Explore The Southeast
The precincts
The precincts are entered through the superbly ornate early sixteenth-century Christ Church Gate, where Burgate and St Margaret’s Street meet. This junction, the city’s medieval core, is known as the Butter Market, where religious relics were once sold to pilgrims hoping to prevent an eternity in damnation. Once through the gatehouse, you can enjoy one of the best views of the cathedral, foreshortened and crowned with soaring towers and pinnacles.
The interior
In the magnificent interior, look for the tomb of Henry IV and his wife, Joan of Navarre, and for the gilded effigy of Edward III’s son, the Black Prince, all of them in the Trinity Chapel behind the main altar. Also here, until demolished in 1538, was the shrine of Thomas à Becket; the actual spot where he died, known as “The Martyrdom”, is marked in the northwest transept by the Altar of the Sword’s Point, where a jagged sculpture of the assassins’ weapons is suspended on the wall. Steps from here descend to the low, Romanesque arches of the crypt, one of the few remaining relics of the Norman cathedral and considered the finest such structure in the country, with some amazingly well-preserved carvings on the capitals of the columns. Back upstairs, look out for the vivid medieval stained glass, notably in the Trinity Chapel, where the life and miraculous works of Thomas à Becket are depicted. Look out too for an animal-skin-clad Adam delving in the west window and Jonah and the whale in the Corona (the eastern end of the cathedral, beyond the Trinity Chapel).
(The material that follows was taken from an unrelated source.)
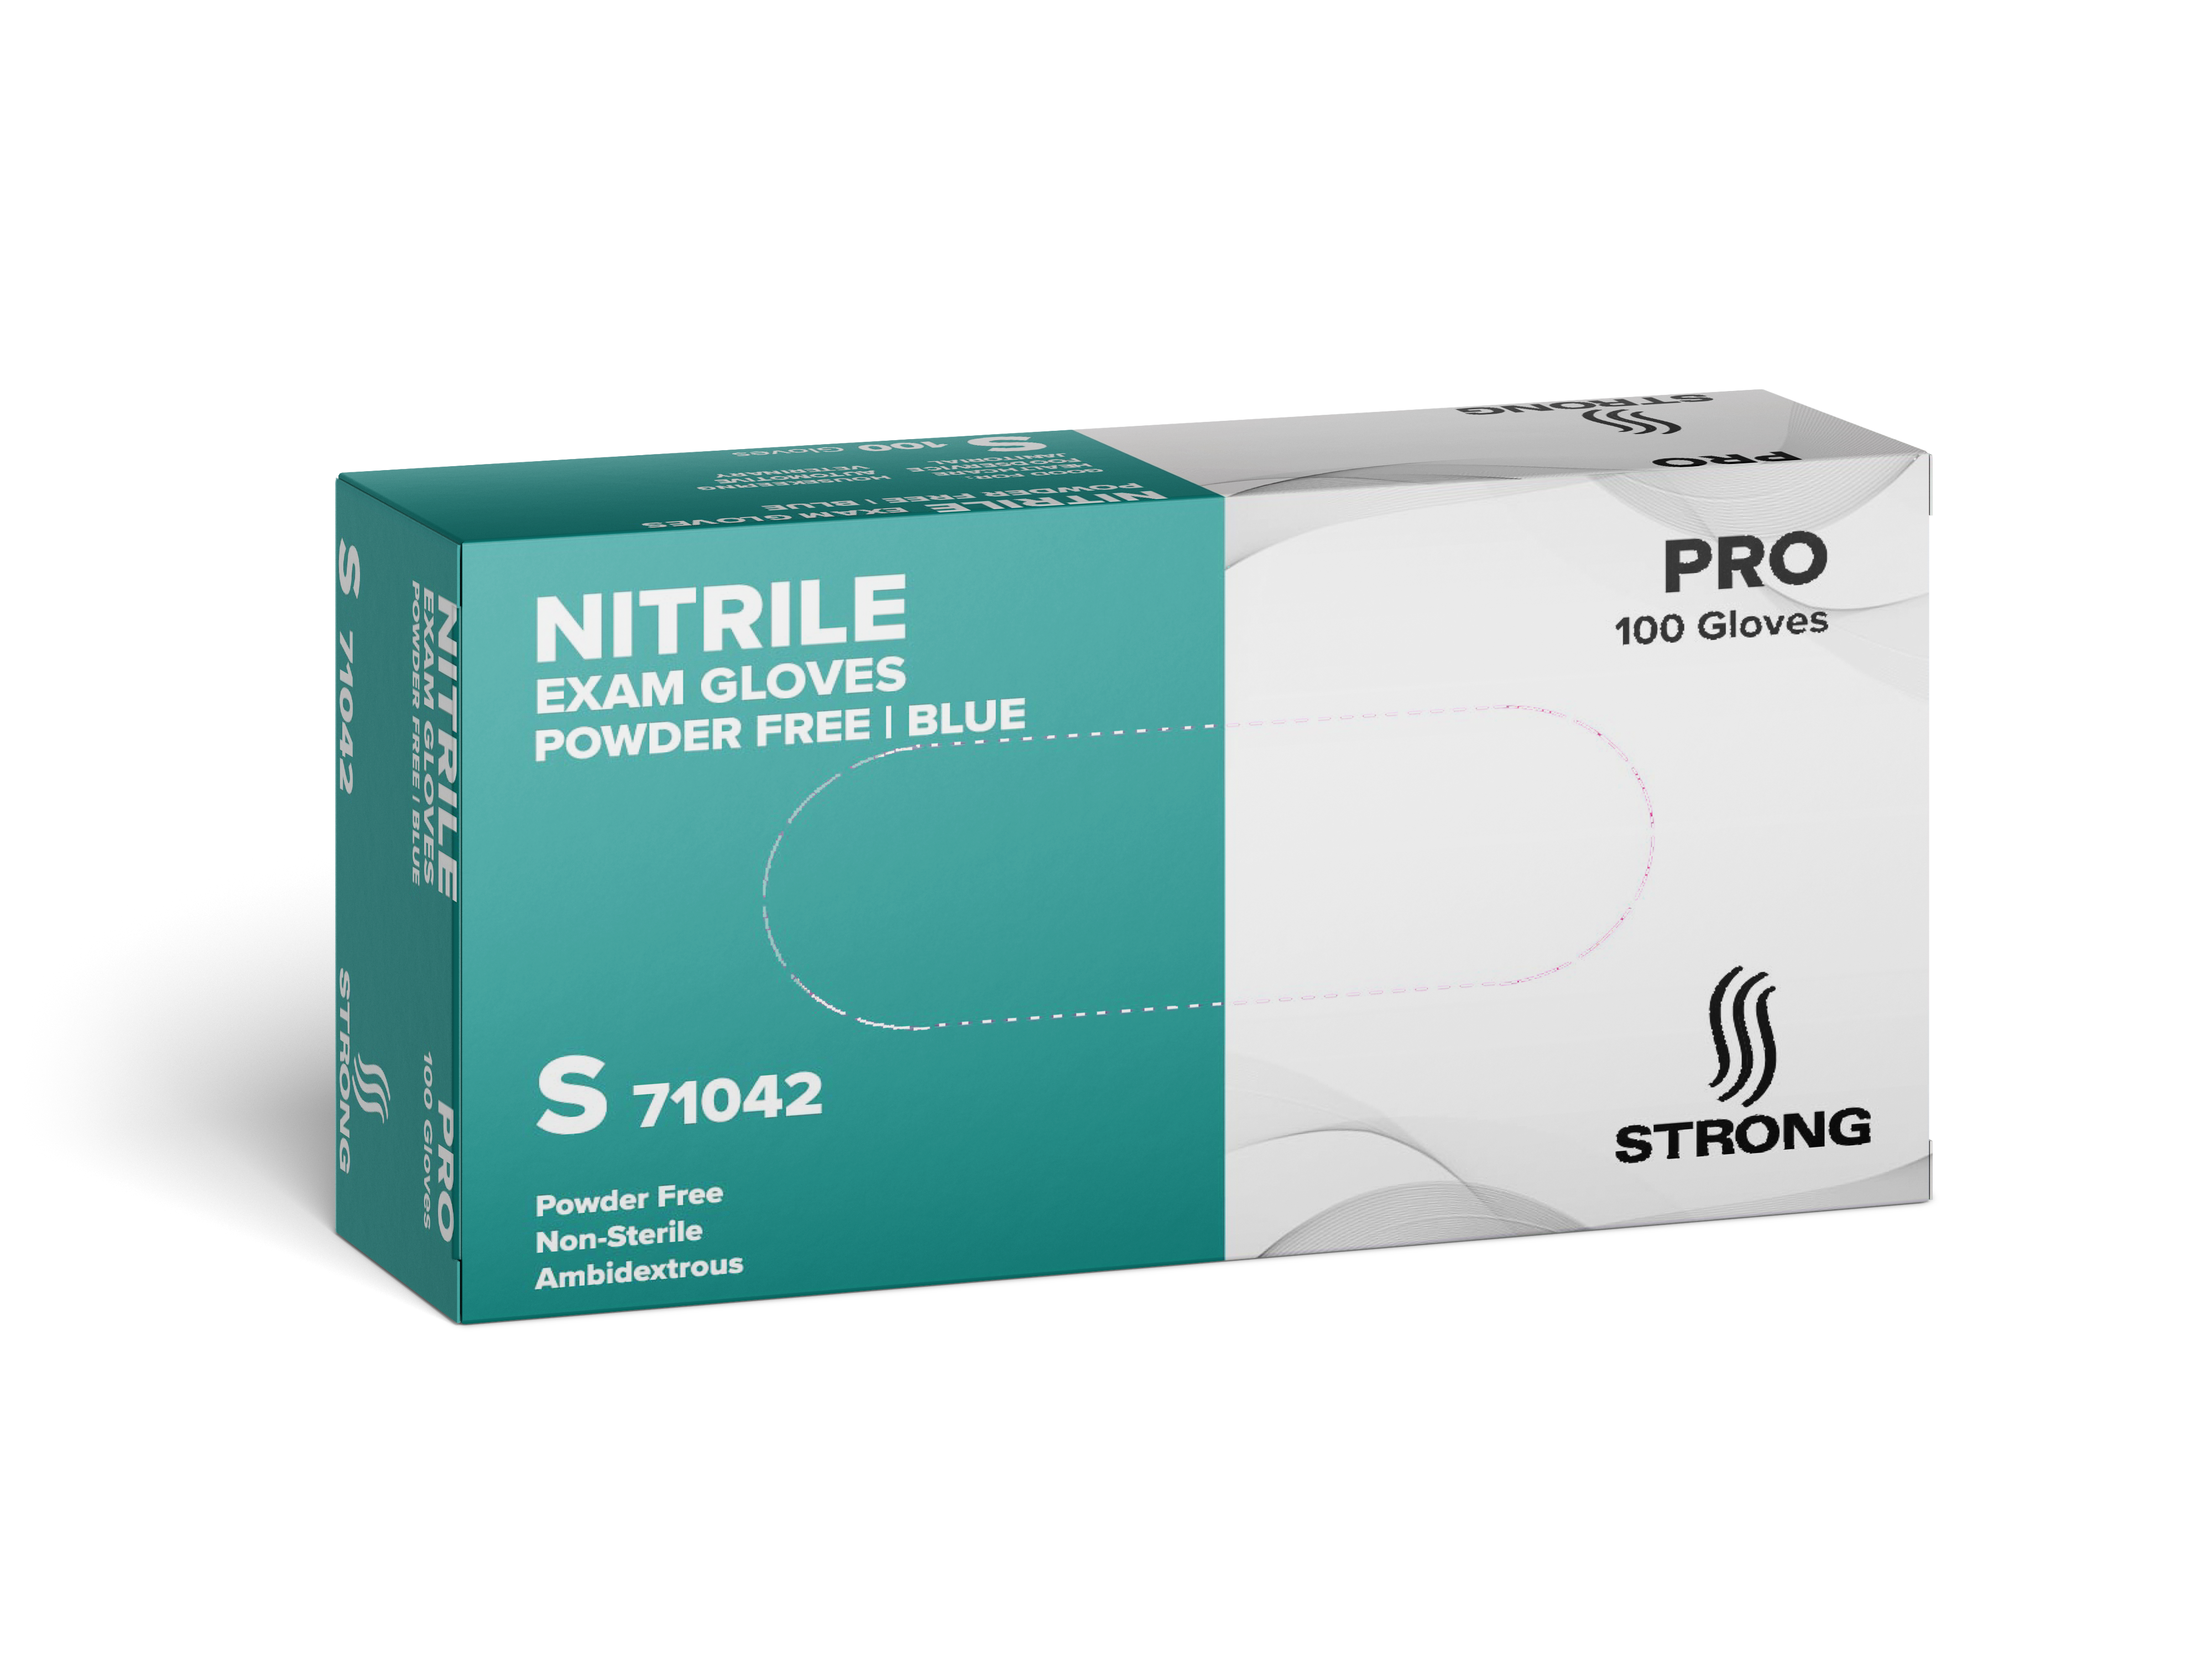 STRONG Nitrile Exam Gloves - 200 Per Box - Powder Free – STRONG  Manufacturers

The thirteenth-century white marble St Augustine’s Chair, on which all archbishops of Canterbury are enthroned, is located in the choir at the top of the steps beyond the high altar.
On the cathedral’s north flank are the fan-vaulted colonnades of the Great Cloister, from where you enter the Chapter House, with its intricate web of fourteenth-century tracery supporting the roof and a wall of stained glass.